* _What the task asks_
Return, word for word, only the lines of the data below that lie between the line with "Walter Douglass Tax Service" and the line with "Black White Cartoon", those two lines included.

* _Information shown_
= Beginning of Section =
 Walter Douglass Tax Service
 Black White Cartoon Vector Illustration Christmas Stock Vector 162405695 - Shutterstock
= End of Section =
= Beginning of Section =
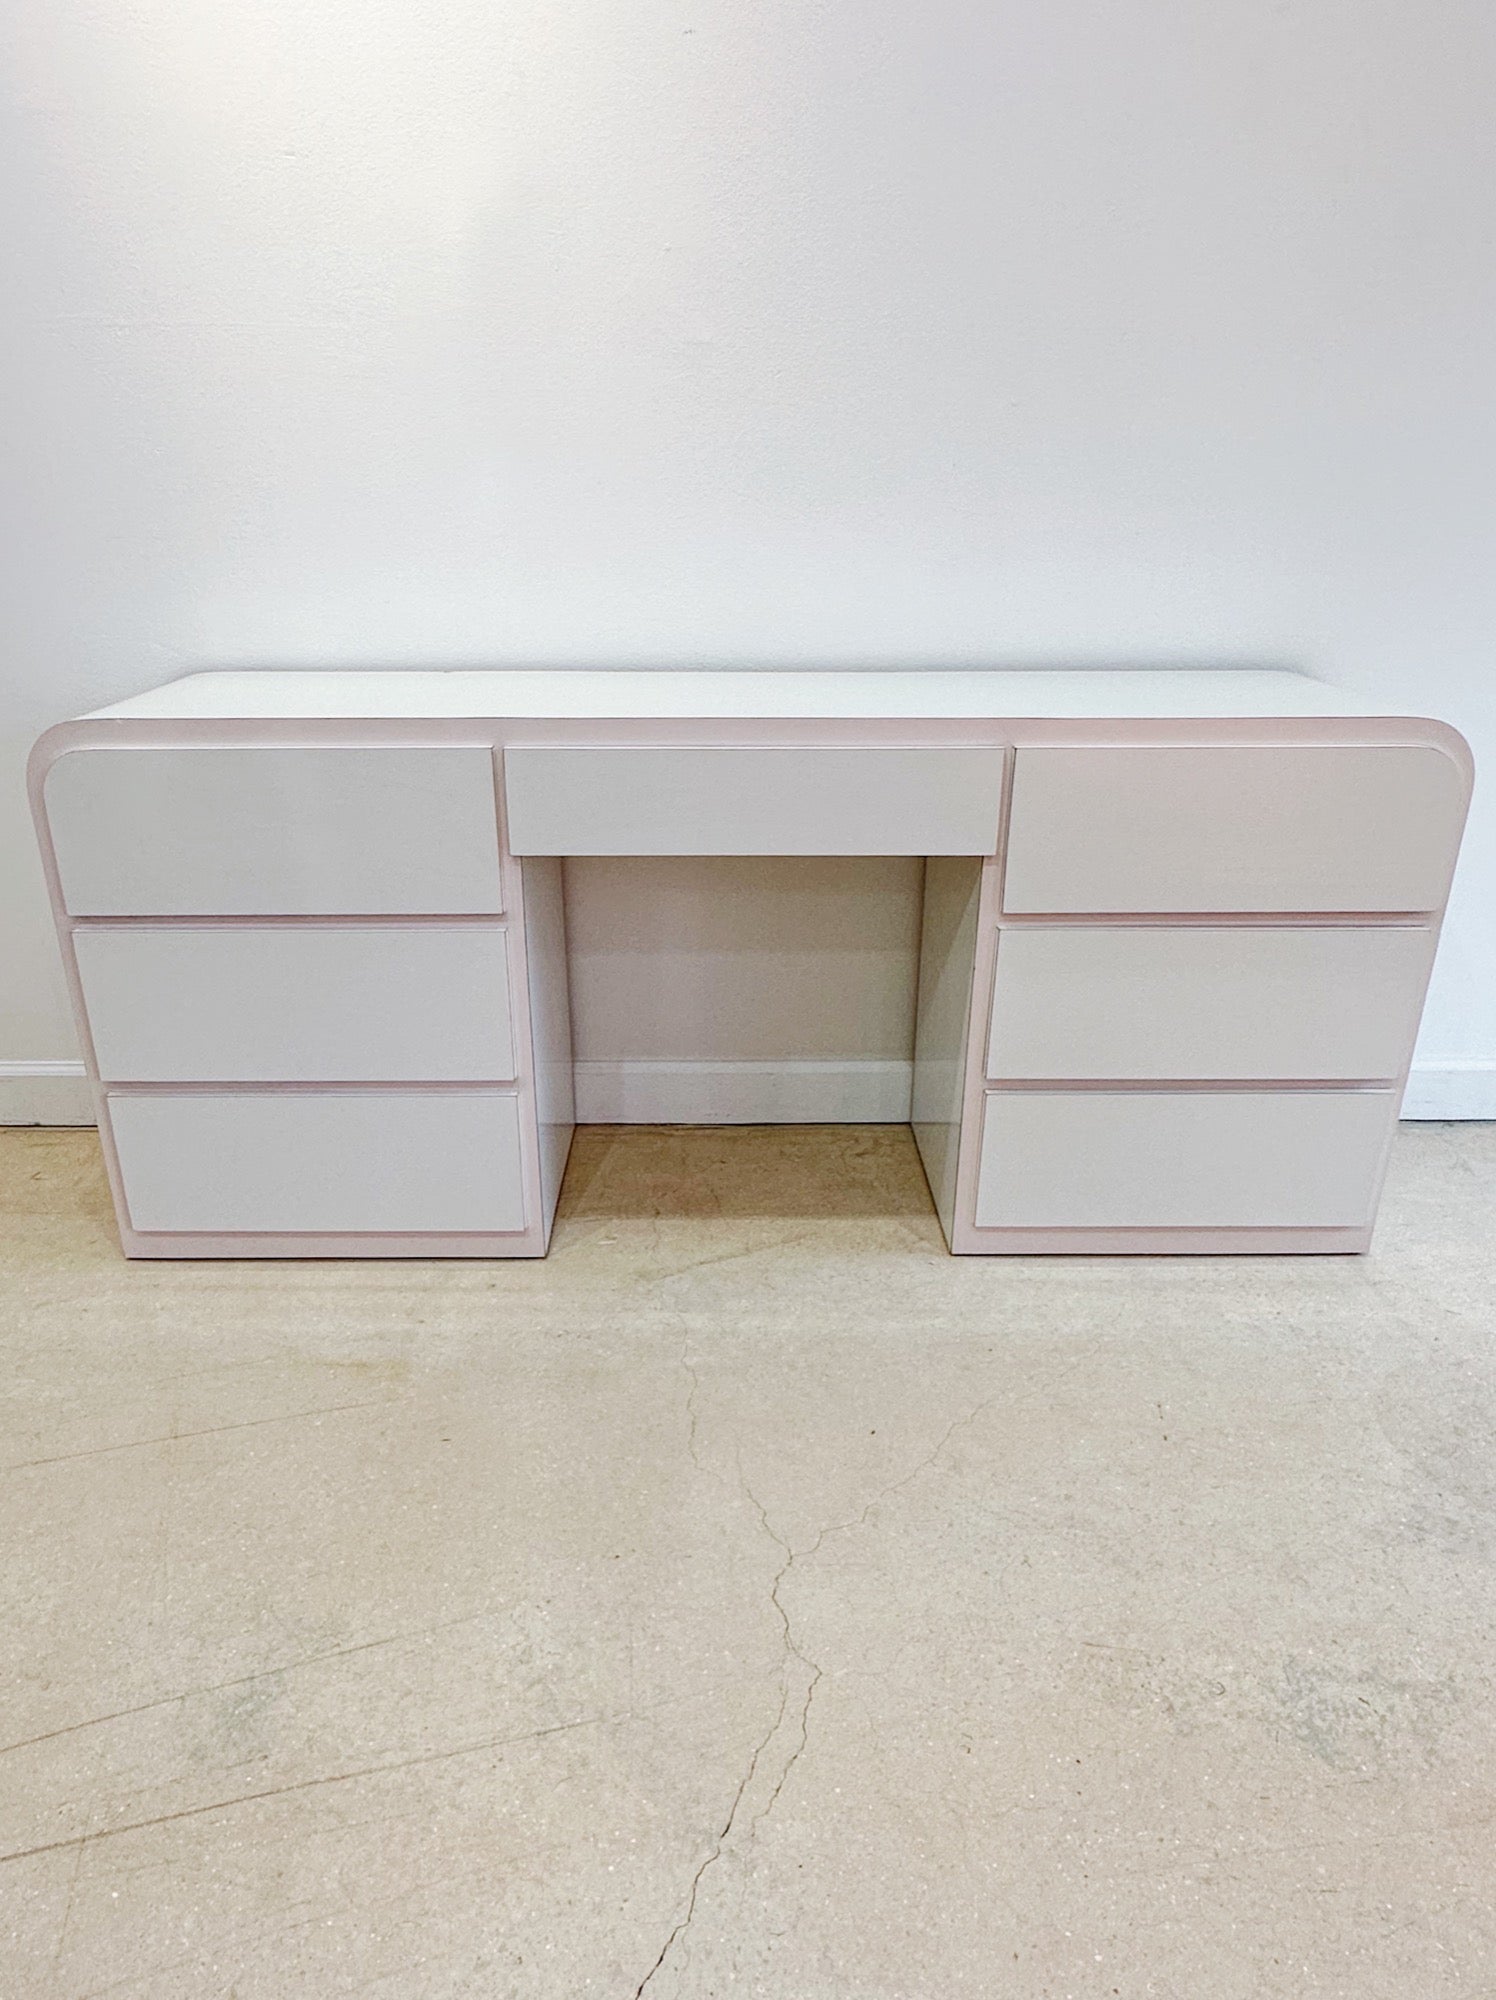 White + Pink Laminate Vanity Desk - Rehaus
= End of Section =
= Beginning of Section =
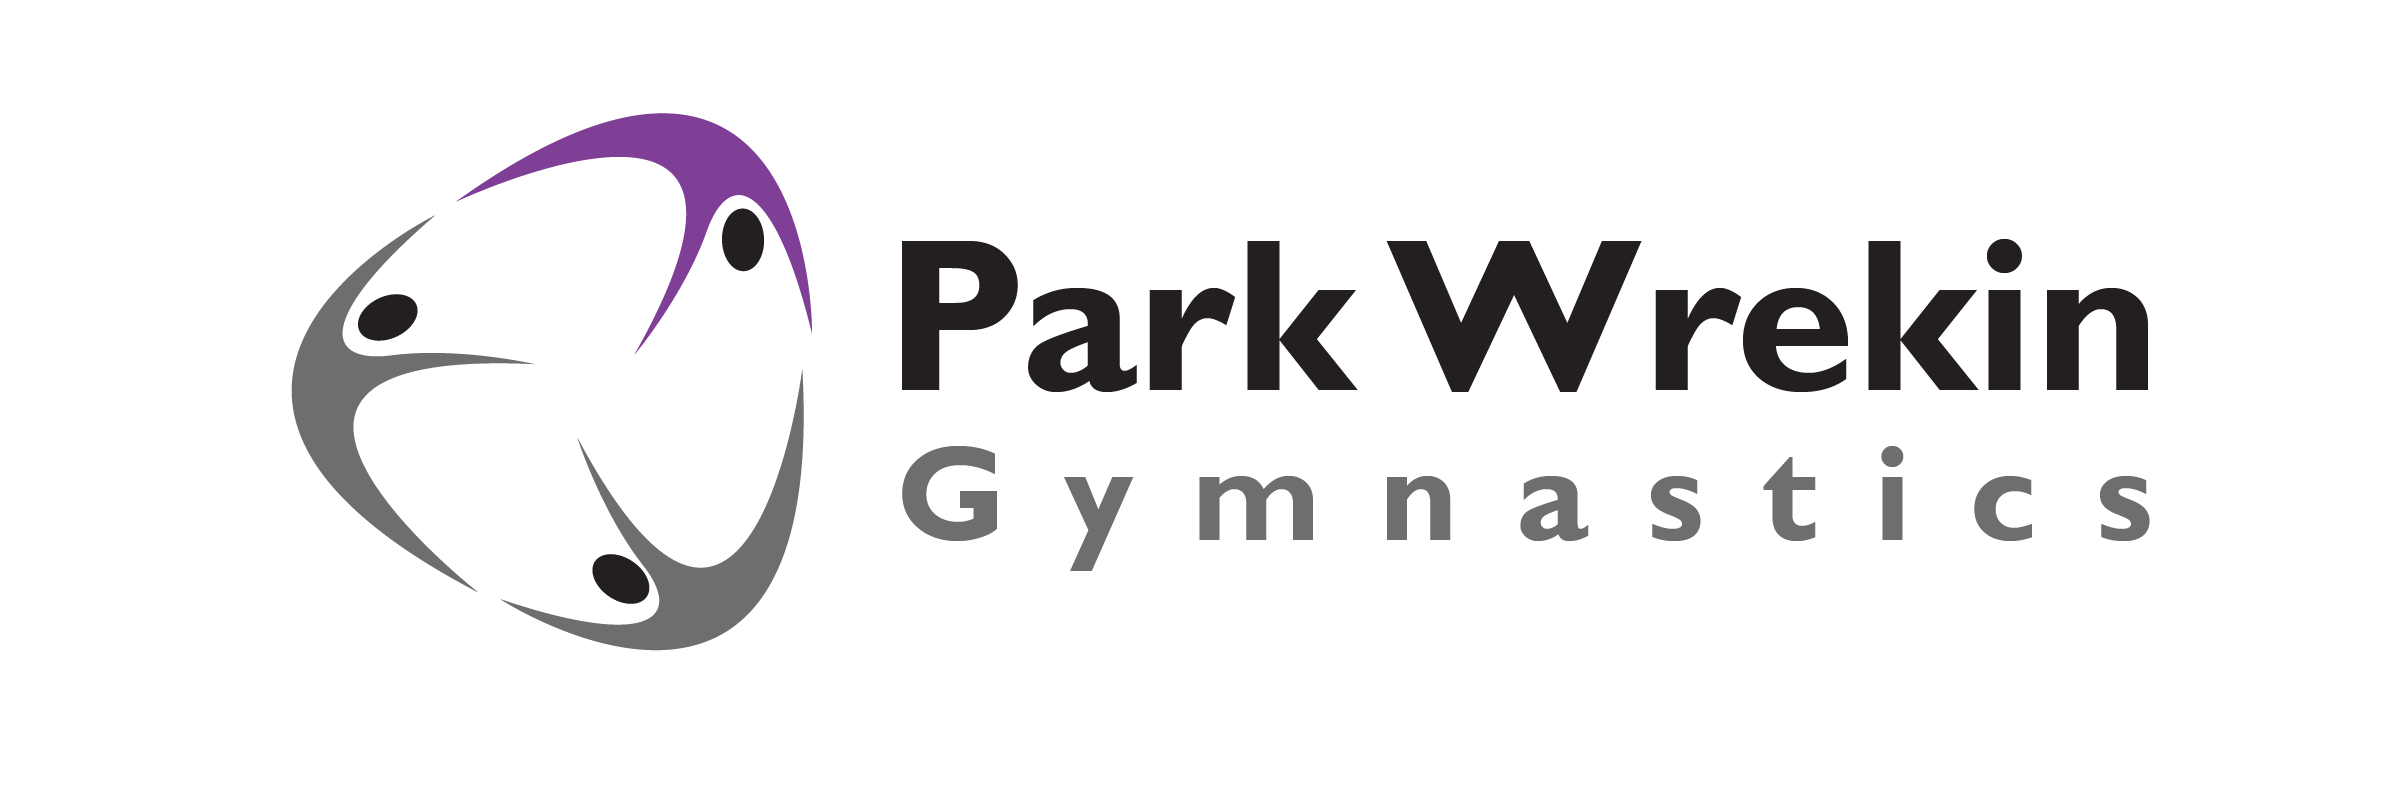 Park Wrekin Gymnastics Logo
= End of Section =
* _Solution to this exercise_
 Walter Douglass Tax Service
 Black White Cartoon Vector Illustration Christmas Stock Vector 162405695 - Shutterstock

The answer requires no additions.